CLI billing self-test — localharness credits [--as <me>] (wallet $LH /
per-call meter / session) and localharness topup [--as <me>] (claim the daily
$LH allowance + deposit it into the per-request meter, sponsored). The end-to-end
billing check any agent can run as a real user: topup → call → credits.
rustlite: for i in a..b { … } loops. Desugared (no codegen change) to a
loop with the increment at the TOP and v pre-decremented, so continue stays
correct; bounds evaluated once. Range token .. added. Render-verified at runtime.
First integration test (tests/tool_hook_policy.rs, 5 tests) — exercises the
tool + hook + policy pipeline TOGETHER through the public API (the layer the
backend loop actually runs): policy precedence (specific-deny > wildcard-allow)
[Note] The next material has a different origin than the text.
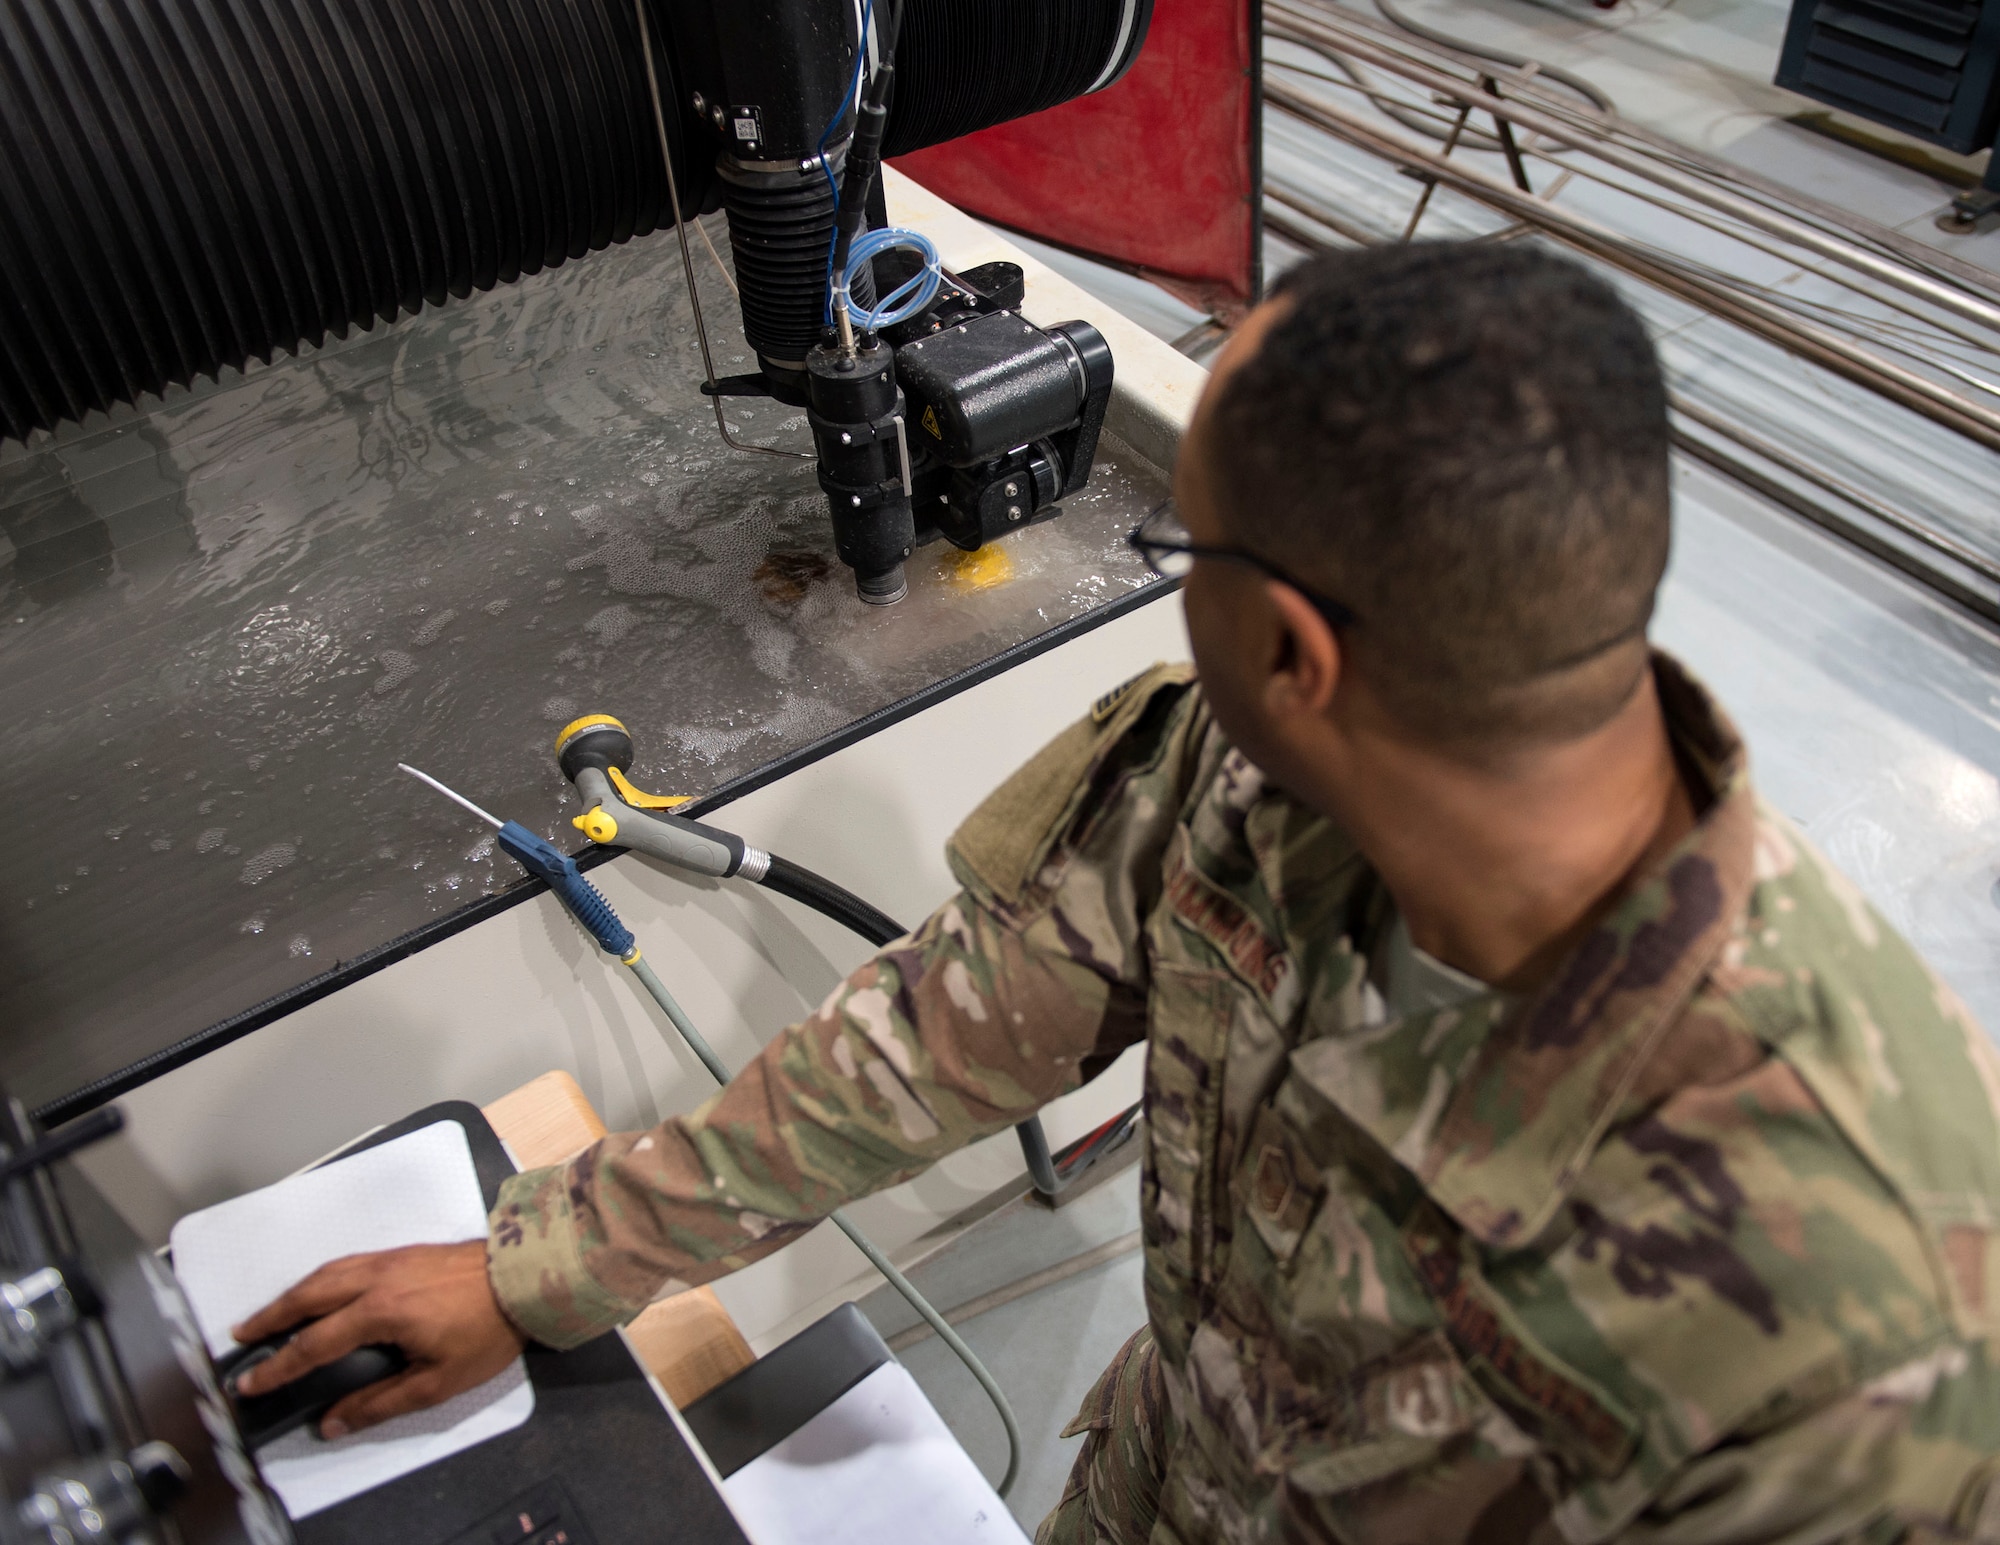 U.S. Air Force Master Sgt. Anwar Simmons, section chief with the 379th Expeditionary Maintenance Squadron, watches the abrasive waterjet cutting machine at Al Udeid Air Base, Qatar, May 30, 2017. The abrasive waterjet cutting machine allows the airmen to create a wide range of aircraft parts or tools needed to complete the mission in an expedited and a cost effective manner. (U.S. Air Force photo by Tech. Sgt. Amy M. Lovgren)

gating real ToolRunner dispatch, deny-by-default allowlists, ask-user verdicts,
first-deny-wins hook ordering, and post-hooks observing both allow and deny
outcomes. The repo's first tests/ suite; prior coverage was per-layer units.

Fixed

Accessibility: agent streams are now a screen-reader live region (+ labels).
The #transcript container — where every streamed assistant turn, text chunk,
and tool block lands — gained role="log" + aria-live="polite" +
aria-atomic="false", so screen-reader users hear new responses as they
stream (previously silent). Also: accessible names on the icon-only
send/stop/close/delete buttons + the unlabeled prompt textarea, a
role="status" live region on the status line, and aria-hidden on decorative
glyphs. Semantic-only — zero visual change. Surfaced by the test-user fleet
(ada-qa).
CLI: reject leading/trailing-hyphen names (dead-on-arrival subdomains).
name_is_valid allowed -foo / foo- (not valid DNS labels), so create
(and now publish) would mint them. Now rejected per RFC 1035. Surfaced by the
test-user fleet (juno-qa) — emoji/uppercase/oversized were ALREADY caught, so
this closed the one real residual, and confirmed the fleet (like real users)
files speculative bugs that need scrutiny before acting.
MCP client: image-bearing tool results no longer silently fail.
ContentBlock::Image's mime_type field expected snake_case, but
rename_all="lowercase" renames only the variant tags (not struct fields) and
MCP sends camelCase mimeType — so a real {"type":"image",…,"mimeType":…}
block failed to deserialize, erroring the WHOLE tools/call response even
though the server answered correctly. Added #[serde(rename = "mimeType")].
+28 protocol/correlation/framing tests for a previously untested module (incl.
out-of-order / unmatched / duplicate response-id correlation).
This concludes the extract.